Virtual helping skills deliver dividends

With so many teams these days scattered across different locations (working from home, working from anywhere) this issue of how managers can help their people in ways experienced as useful, not annoying, is only going to grow in importance. When managing a remote team, one risk is checking in too often but another is not checking in often enough!

Research from multiple sources, including our own UGM data, indicates that people working virtually can quite easily start to feel isolated and out of touch. The right style of support, delivered in the right amount, at the right time can boost performance and enhance that all-important sense of belonging. Helping at a distance turns out to involve a complex skill set, one much-needed as organisations adjust to this new normal of most employees working from home, at least some of the time. For employees, the experience of positive ‘helping episodes’ boosts morale, job satisfaction and performance. Skills that will deliver such important outcomes are certainly worth learning!

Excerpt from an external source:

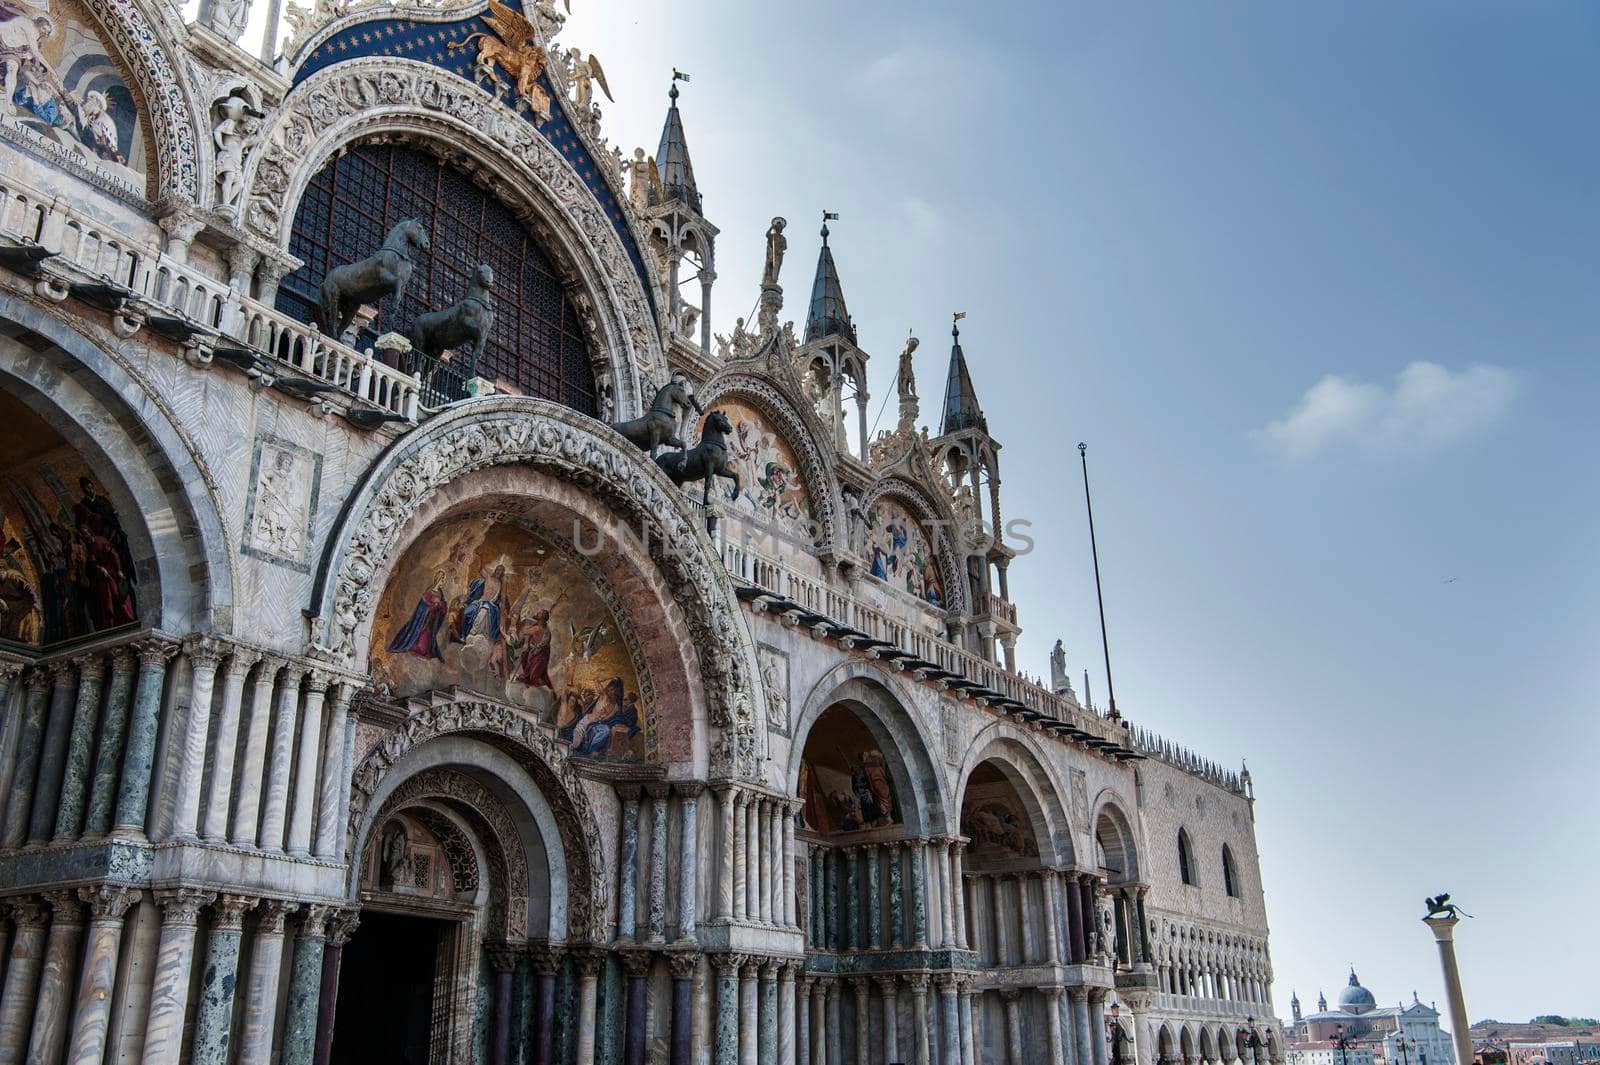 Detail of the facade of the Basilica of San Marco in Venice

10 Tips to help you avoid micromanaging and start helping

  1. Regularly reflect on how much control and oversight from you are experienced as helpful by your team members.
  2. Consistently monitor team trust levels and act swiftly to address any trust shortfalls.
  3. Prioritise the tasks and projects most important to you and share this with your subordinates.
  4. Discuss with your team members a clear line of sight between the work each person does, the team’s goals, and the organisation’s goals.
  5. Draw up a team agreement about how and when you ‘check-in,’ rather than ‘check-up’
  6. Discuss your reporting preferences with team members, so that you can minimise any work style clashes.
  7. Ensure your offers of help are timed wisely i.e., once team members have got a clear sense of the project and its challenges for themselves.
  8. Clarify what you’re trying to achieve with your help so that your positive intentions are understood.
  9. Adjust the nature of your help to the type of challenges your team members are facing, e.g., intensive or intermittent help.
  10. Regularly review ‘helping episodes’ with your team members, so that you can minimise any mismatches in the amount and style of help you give them.